The sequencing of the human genome and the genomes of various experimental model systems, coupled with the large-scale sequencing of expressed genes has provided researchers with an invaluable tool to discover new genes, including those responsible for human diseases. However, it is the decoding of this genomic information into functional proteins and protein assemblies that represent the most formidable challenge for understanding cellular function. Advances in protein and peptide separation technologies combined with innovations in MS (mass spectrometry) have greatly increased the ability to identify rapidly the protein components of a myriad of biological samples [1,2]. This has led to an explosion in the use of proteomics approaches in biology.
It has become more apparent that whole cells and tissues are not currently amenable to satisfactory proteomics analysis . First, these samples are simply too complex. It is estimated that any given cell expresses 10000 gene products, although the actual number of functional proteins is much greater due to splice variants and post-translational modifications . Secondly, the extreme dynamic range of protein expression in a tissue (protein levels can vary by as much as ten orders of magnitude) means that less abundant proteins are masked by those expressed at higher levels . The high sensitivity afforded by techniques such as MudPIT (multidimensional protein identification technology), in which peptides generated from proteolytic digestion of complex samples undergo multiple steps of separation before analysis by tandem MS can overcome some of these difficulties . For example, Liu et al.  have used MudPIT on a crude yeast protein extract to identify proteins present at as low as 100–200 copies/cell.

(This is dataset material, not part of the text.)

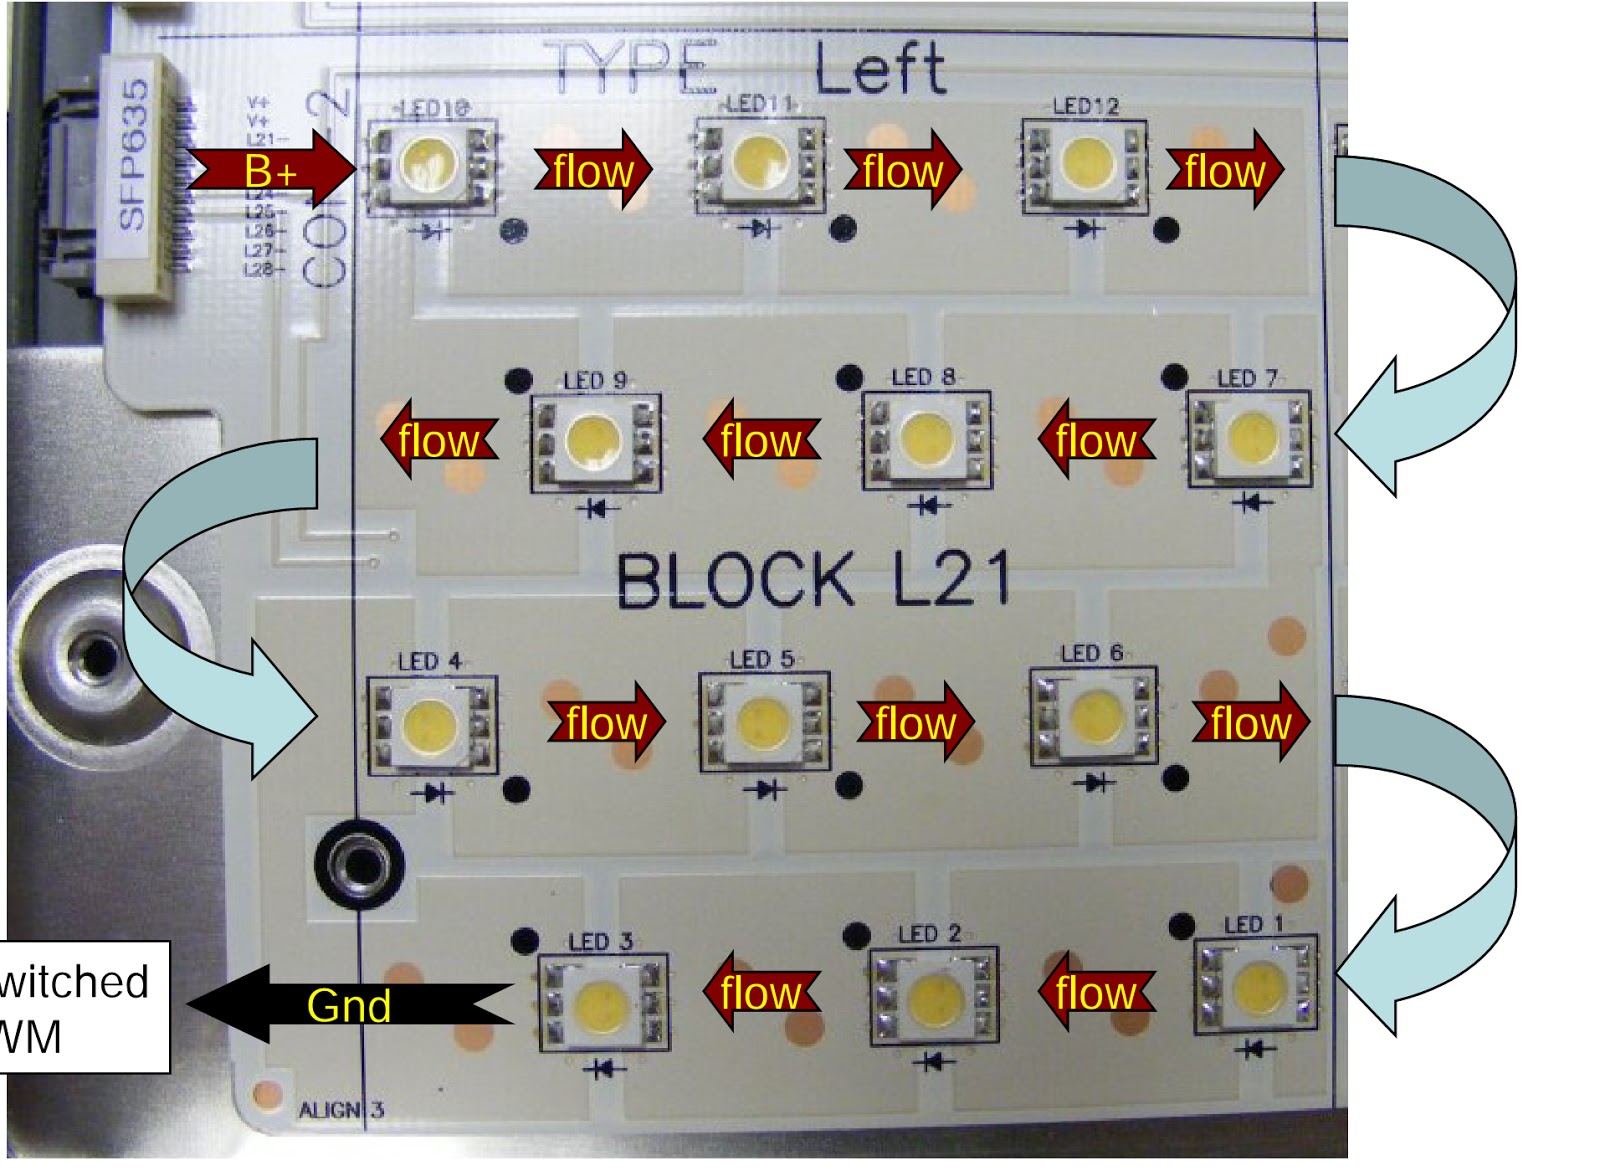 Electro help: LG 47LG90 LED LCD TV - INVERTER - LED BACK-LIGHTING

Isolated organelles present an attractive target for proteomics, as their protein complexity is reduced and lower abundance proteins that are specific to the compartment are enriched relative to whole cell lysates (Figure 1). The subcellular proteomics approach is also advantageous in that identified proteins are linked to functional units (Figure 1). For novel proteins, the connection to an organelle can provide the first clues as to the functional role of the protein. Moreover, a global analysis of the protein components of an organelle provides insights into organelle function that are not possible from the identification of a smaller subset of the proteins. Numerous organelles and suborganellar compartments have been analysed by subcellular proteomics. In each case, characterized proteins not previously known to associate with the compartment and novel proteins have been identified. Additionally, several of these studies have led to new understanding of the functional roles of the organelles. It is beyond the scope of this short review to provide a detailed discussion of these studies and the reader is referred to excellent recent reviews [7,8].
Subcellular proteomics analysis of CCVs
Proteomics analysis of CCVs (clathrin-coated vesicles)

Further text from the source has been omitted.